Later that morning the rumour became fact. It was Major Robert Crisp who broke the news to them. They all assembled in front of the South African. There was little of the usual banter that Crisp enjoyed so much. He went straight to it.
‘Men, Colonel Pyman has just given us our orders. They come all the way from Monty. It’s happening tomorrow night. We’re finally going in. As you know, it’ll be a night attack. There will be a number of phases. The first phase is named “Lightfoot”. The Sapper chaps will go in and remove those bloody mines. We’ll follow soon after that. This is the break-in phase. Two lanes will be cleared. One north and one south. The southern lane will be a feint. The real attack will occur in the northern lane. That’s where we’ll be. In both cases, the infantry will clear a path for the armour to storm the citadel, so to speak. Following this will be “Supercharge”. This phase will take place over a narrower front of around two to three miles and will involve two infantry brigades plus the armour. The good news is that we are going to be used in almost all the phases.’
He paused for a moment and regarded the men in front of him.
‘I know we’ve heard all this before, but I think this time it really will be different. I will read out to you the thoughts of our Commander-in-Chief.
Crisp took a piece of paper out of his pocket and unfolded it. Then he began to read, ‘When I assumed command of the Eighth Army, I said that the mandate was to destroy Rommel and his Army, and that it would be done as soon as we are ready. We are ready now. The battle which is now about to
begin will be one of the decisive battles of history. It will be the turning point of the war. The eyes of the whole world will be on us, watching anxiously which way the battle will swing. We can give them their answer at once: “It will swing our way”. We have first-class equipment; good tanks; good anti-tank guns; plenty of artillery and plenty of ammunition; and we are backed up by the finest air striking force in the world. All that is necessary is that each one of us, every officer and man, should enter this battle with the determination to see it through – to fight and to kill – and finally, to win. If we all do this there can be only one result – together we will hit the enemy for “six”, right out of North Africa. The sooner we win this battle, which will be the turning point of the war, the sooner we shall all get back home to our families. Therefore, let every officer and man enter the battle with a stout heart, and the determination to do his duty as long as he has breath in his body. And let no man surrender so long as he is unwounded and can fight. Let us all pray that “The Lord mighty in battle” will give us victory.’
When he’d finished, he looked up at the men who were sitting in rapt attention.

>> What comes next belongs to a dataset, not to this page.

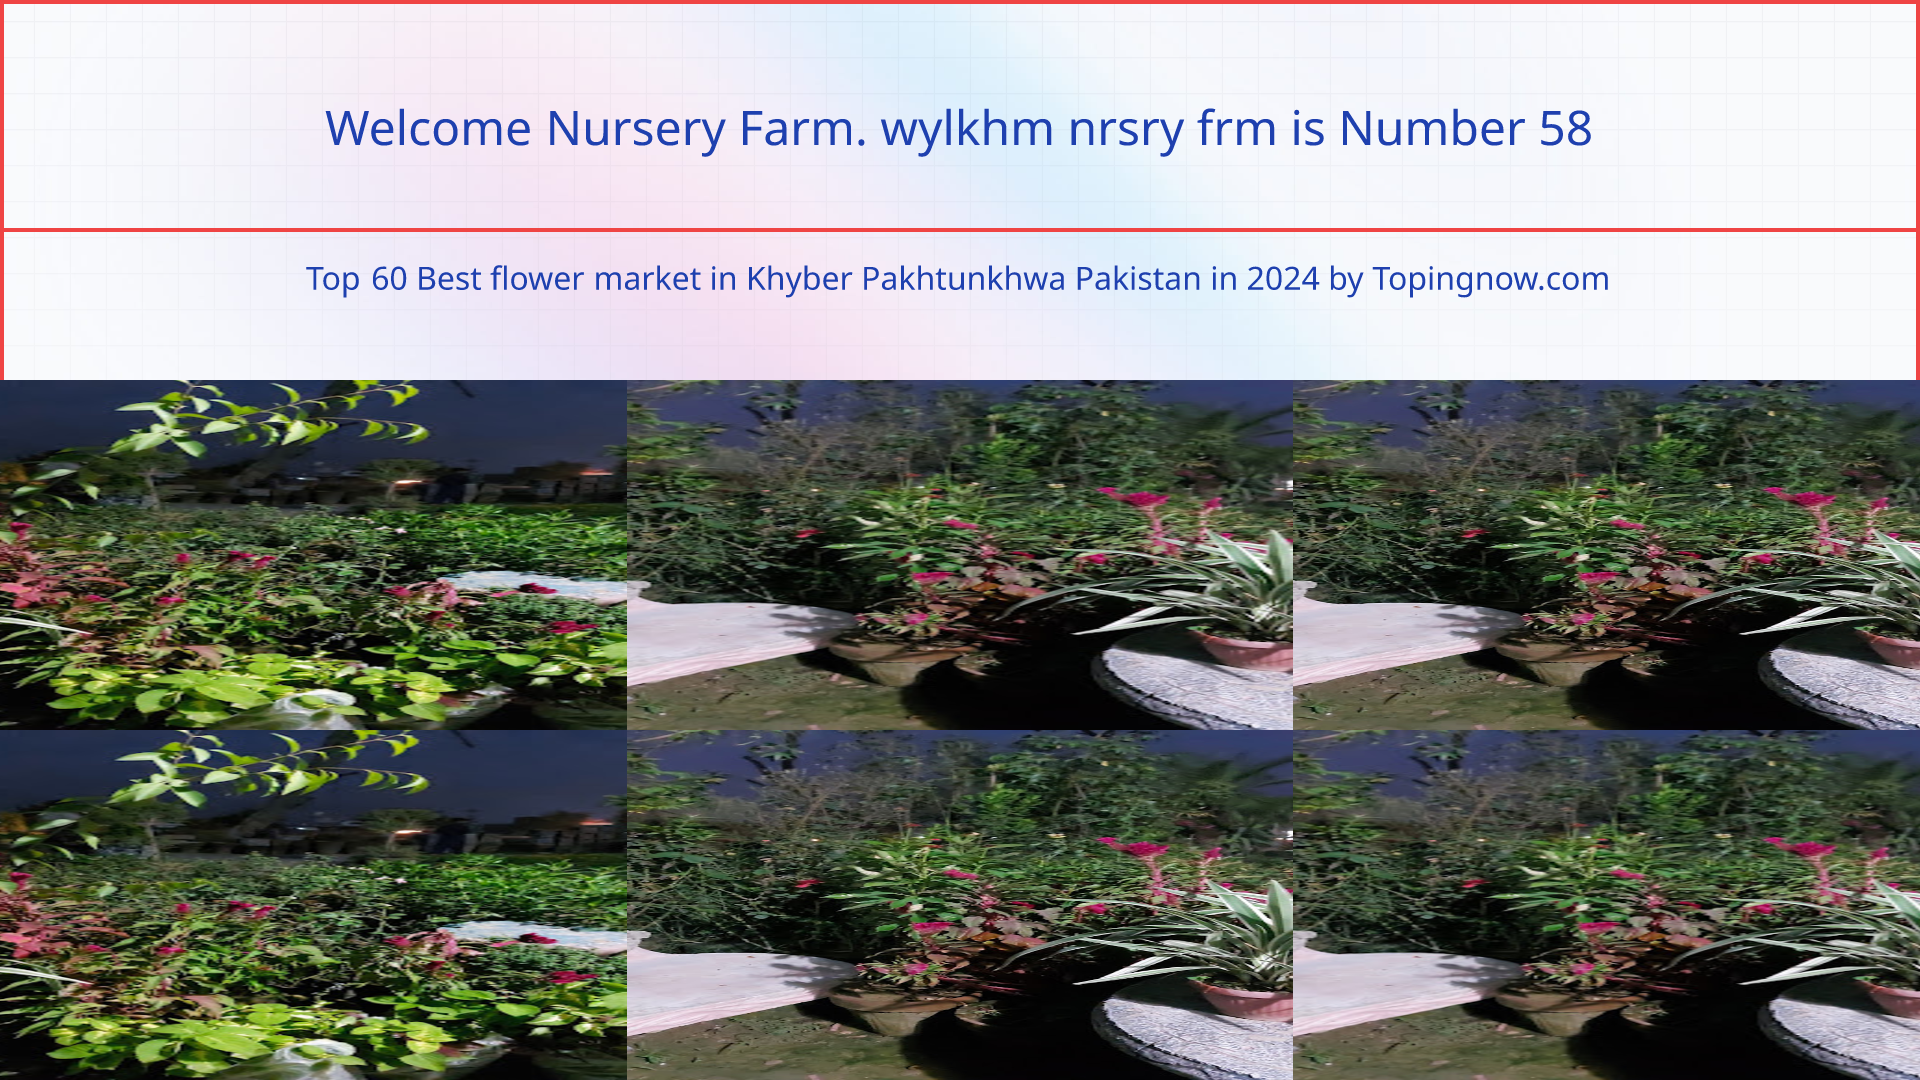 Welcome Nursery Farm. wylkhm nrsry frm: Top 60 Best flower market in Khyber Pakhtunkhwa Pakistan in 2024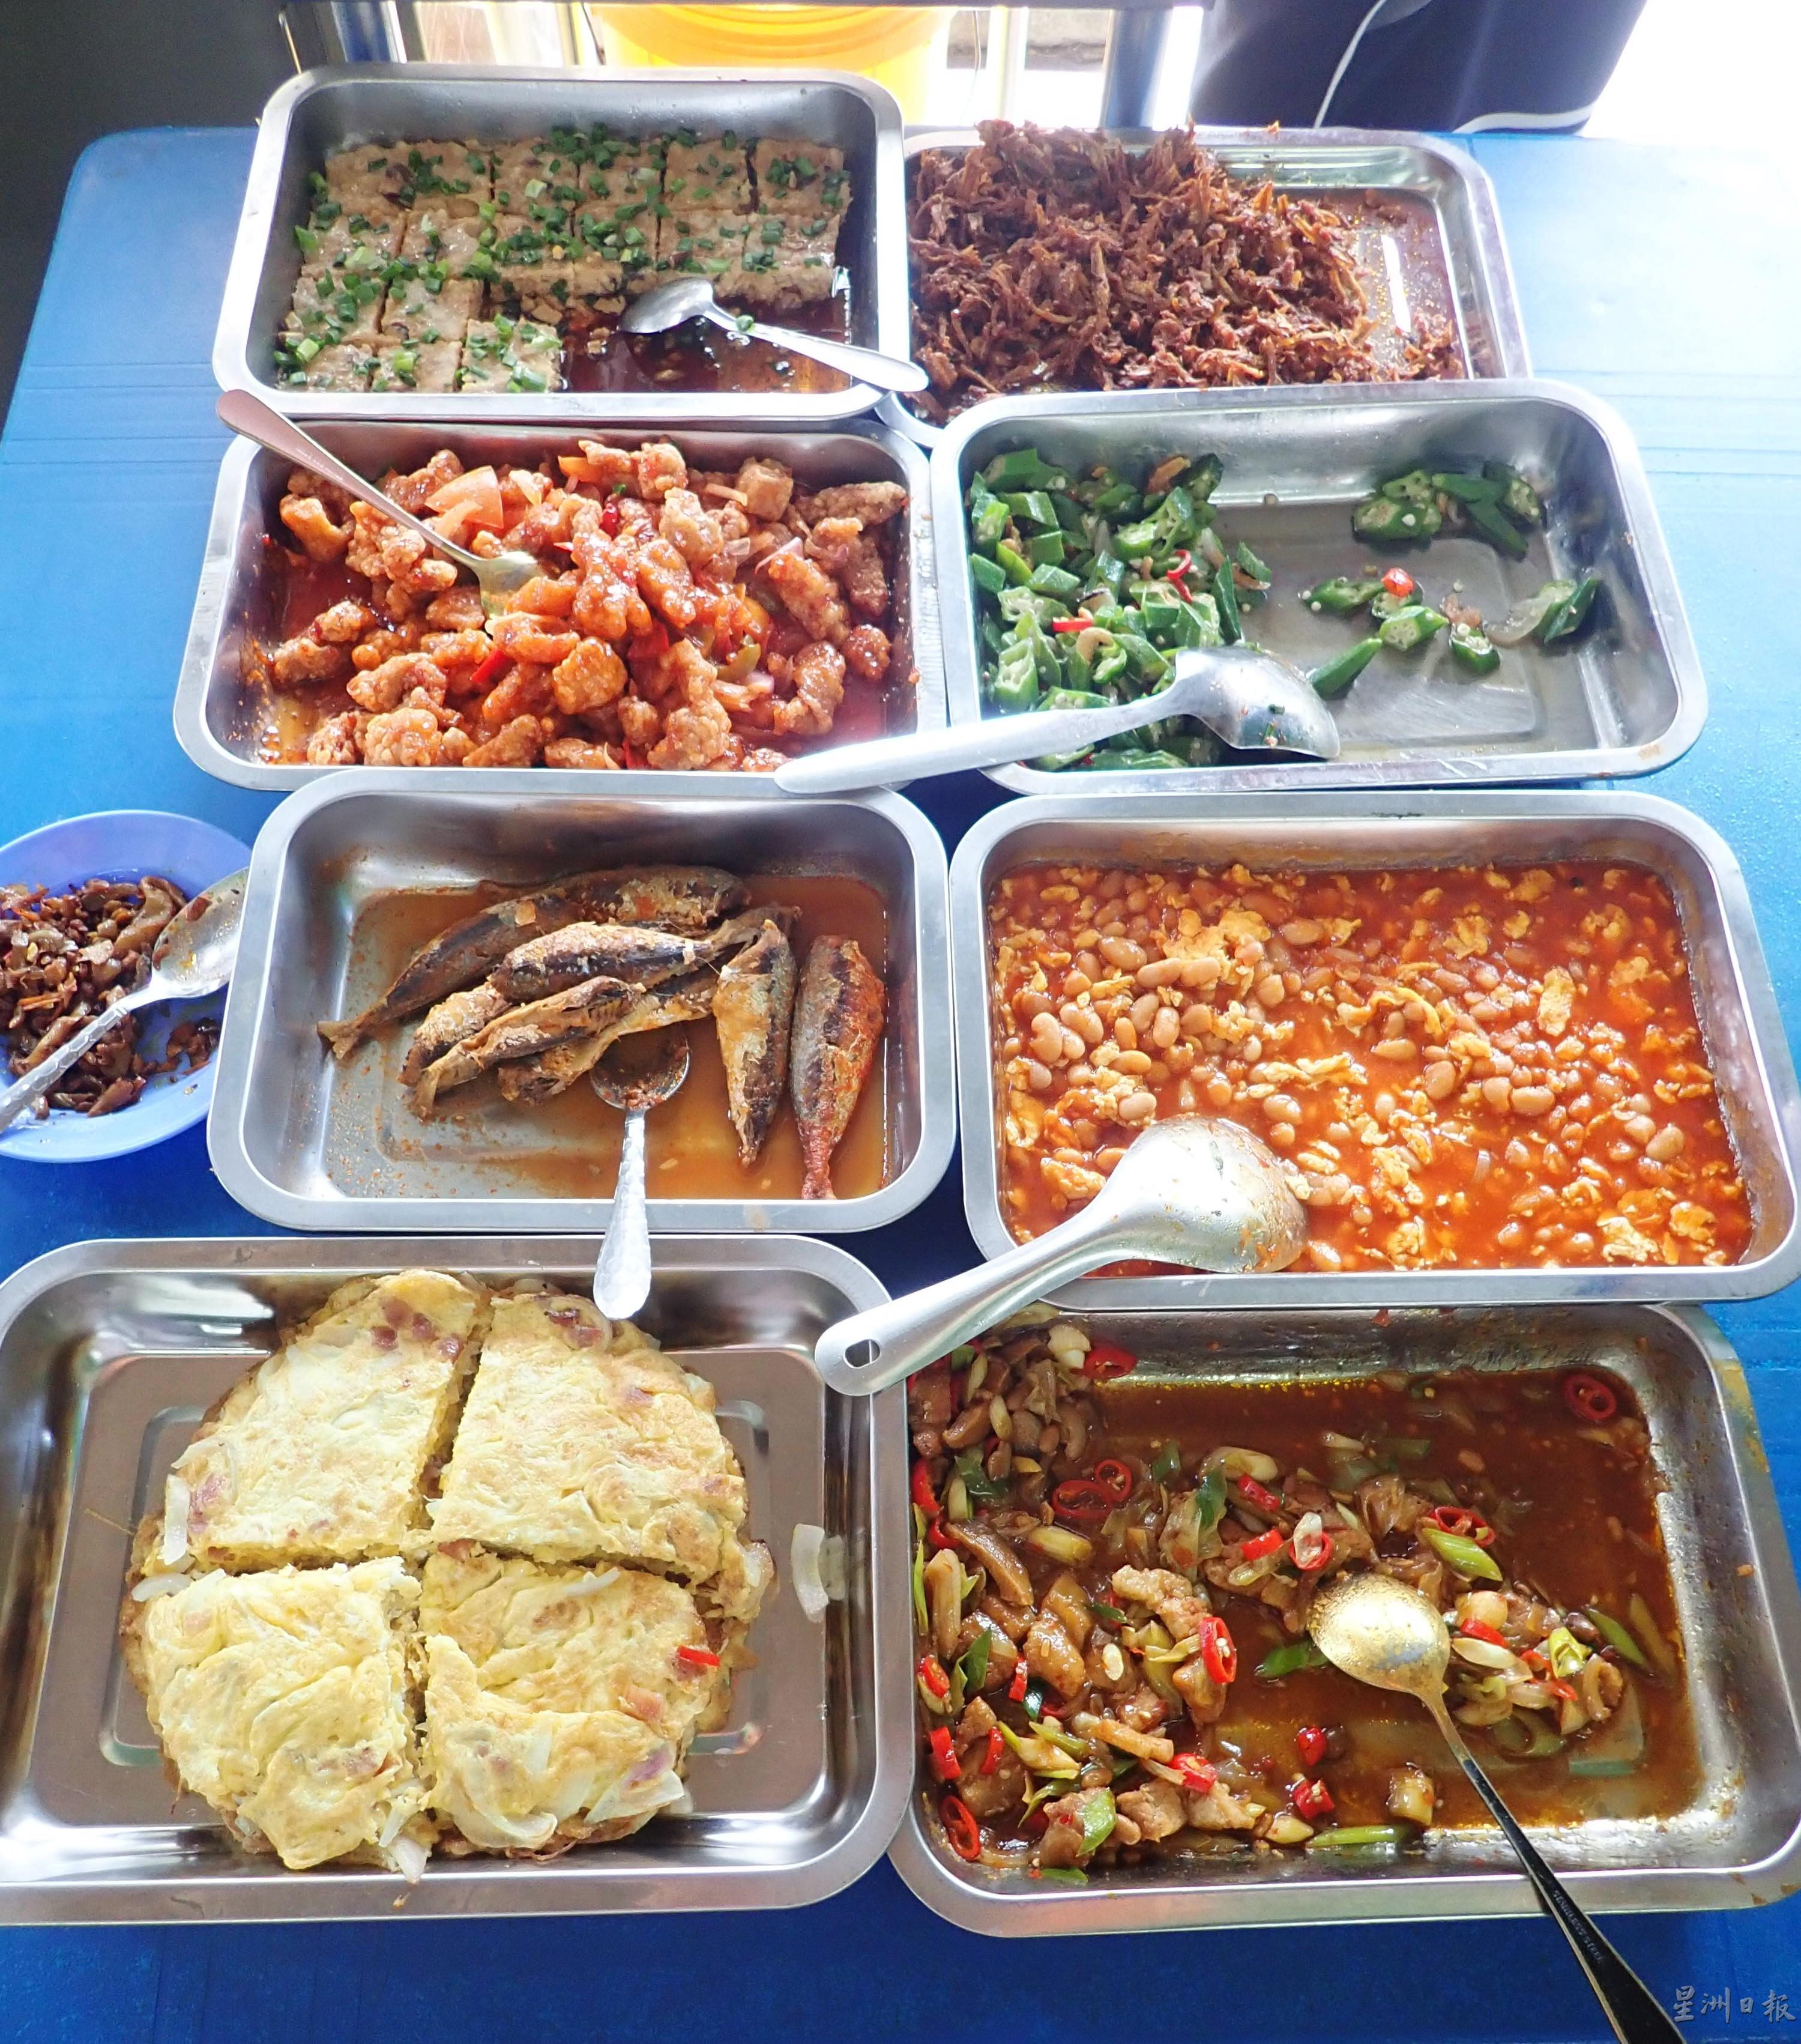 椰浆饭部分的菜式，有炸鱼、炸虾蛄、黄豆、羊角豆及蛋等。

‘Tomorrow night, Jerry will be on the receiving end of one almighty shellacking from our artillery boys. This will buy us time for the initial move through the minefields. Are there any questions?’
There were none.
‘Very well, I will brief the tank commanders now on specific details as it applies to them. But this is the one we’ve been waiting for. Probably for the first time, we have the men, the equipment and, most importantly, a sound strategy. We can deal the Afrika Korps a body blow and I can tell you there isn’t a senior officer who has spent time with Monty who doesn’t believe that this is it. This is our time.’